Market watch: Oil prices rebound as Iraq halts exports

Oil futures prices rebounded Monday, as Iraq again halted its oil exports to protest UN adjustments of its oil-for-food program. However, other members of the Organization of Petroleum Exporting Countries, meeting in Vienna, said they would make up any temporary oil supply curtailments.


By the OGJ Online Staff

HOUSTON, June 5 -- Oil futures prices rebounded Monday, as Iraq again halted its oil exports to protest the UN decision to extend its oil-for-food program for only 1 month instead of the regular 6.

That stimulated international markets to recoup some of Friday's decline in oil prices that resulted from a selloff by profit-takers.

However, Obaid Bin Saif Al-Nasseri, oil minister of the United Arab Emirates, said other members of the Organization of Petroleum Exporting Countries are ready to make up any supply shortages as a result of Iraq's embargo. OPEC members were meeting Tuesday in Vienna to consider oil production quotas, but no major changes in current production levels are anticipated.

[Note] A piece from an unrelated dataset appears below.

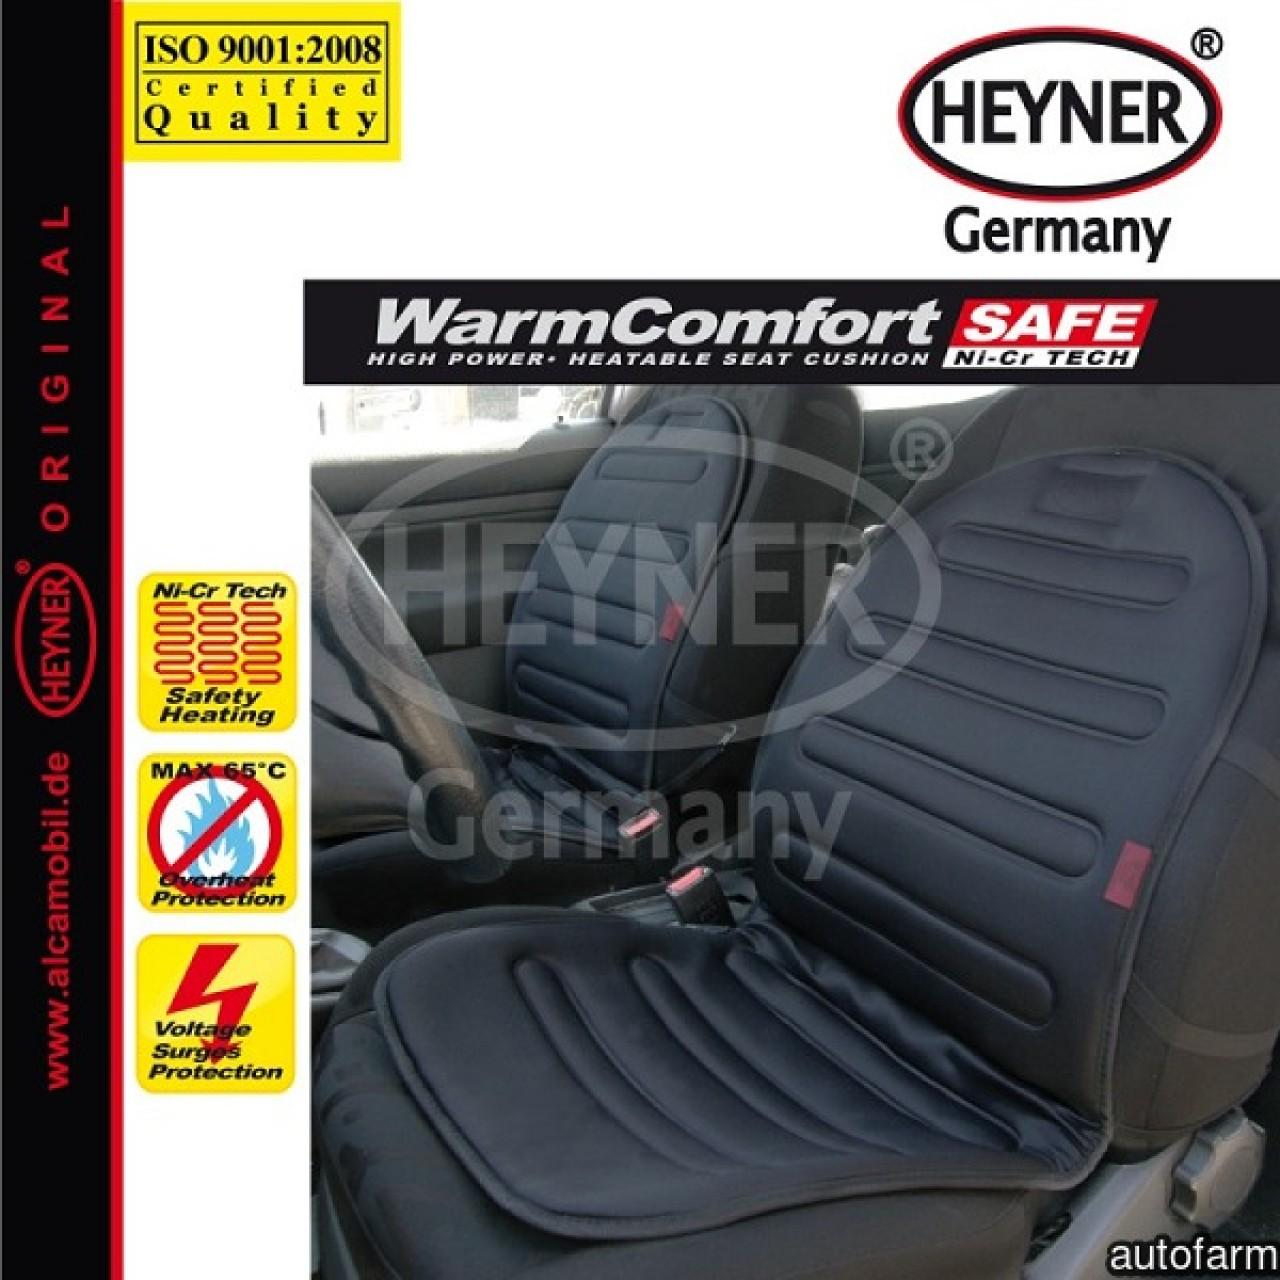 HUSA AUTO CU INCALZIRE 12V HEYNER 504 000 <br>

UN officials said their proposed 1-month extension would give that organization time to study the so-called "smart sanctions" proposed by the US and UK that would modify the 1990 embargo of most of Iraq's oil exports. However, Iraqi officials said they need the full 6 months to ready oil contracts with buyers.

Amer Mohammed Rasheed, Iraq's oil minister, said the country would resume the bulk of its oil exports only with the regular 6-month renewal. However, he said oil deliveries by tanker-trucks to Jordan and Turkey would continue, since those exports are not part of the UN program.

Iraq currently produces 3 million b/d of oil, of which some 2.1 million b/d is exported.

On the New York Mercantile Exchange, the July contract for benchmark US light, sweet crudes regained 20¢ to $28.13/bbl Monday, after a 44¢ loss Friday. The August contract was up 24¢ to $28.41/bbl, recouping most of Friday's 35¢ loss.

Friday's selloff apparently brought technical traders into the markets Monday who helped bid up oil prices, analysts said.

Home heating oil for July delivery was unchanged at 75.92¢/gal, while unleaded gasoline for the same month fell 2.53¢ to 90.77¢/gal Monday on the NYMEX. However, the July contract for natural gas gained 13.9¢ to $4.07/Mcf.

Salomon Smith Barney Inc. said Monday it is lowering its composite spot natural gas price forecast to $4.65/MMBtu for 2001, from its previous forecast of $5/MMBtu. Its average gas price forecast for 2002 is unchanged at $3.75/MMBtu.

The investment banking firm also raised its 2001 forecast for benchmark US sweet, light crudes to $26/bbl, from $24/bbl previously.

Continued strong US demand for gasoline has boosted oil prices, while a combination of increased storage, lost markets, and added production is pushing down natural gas prices, said Robert Morris, energy analyst for Salomon Smith Barney, in his weekly exploration and production report.

Fuel switching has resulted in some 3.5 bcfd of "lost demand" for natural gas as prices escalated this past winter, with conservation reducing that demand another 1.5 bcfd, Morris said.

He also expects US natural gas production to increase in the third quarter by 2 bcfd over year-ago production levels.

However, industry analysts at Simmons & Co. International, Houston, recently reported that the strong increase in North American drilling for natural gas has resulted in little additional production with the "industry still struggling to hold its head above water against the strong undertow of depletion."

"While there is no question that US drilling levels have reached extraordinary heights, our analysis of the last 12 months of rig distribution and associated well depths shows an industry that is simply drilling more of the same low quality wells," said Simmons & Co. analysts in a May 30 report.

In London, the July contract for North Sea Brent crude settled at $29.26/bbl, up 19¢ for the day after trading in a range of $29.03-$29.71/bbl Monday on the International Petroleum Exchange. The July natural gas contract lost 2.9¢ to the equivalent of $3.04/Mcf on the IPE.

The average price for OPEC's basket of seven crudes increased by 24¢ to $27.05/bbl Monday.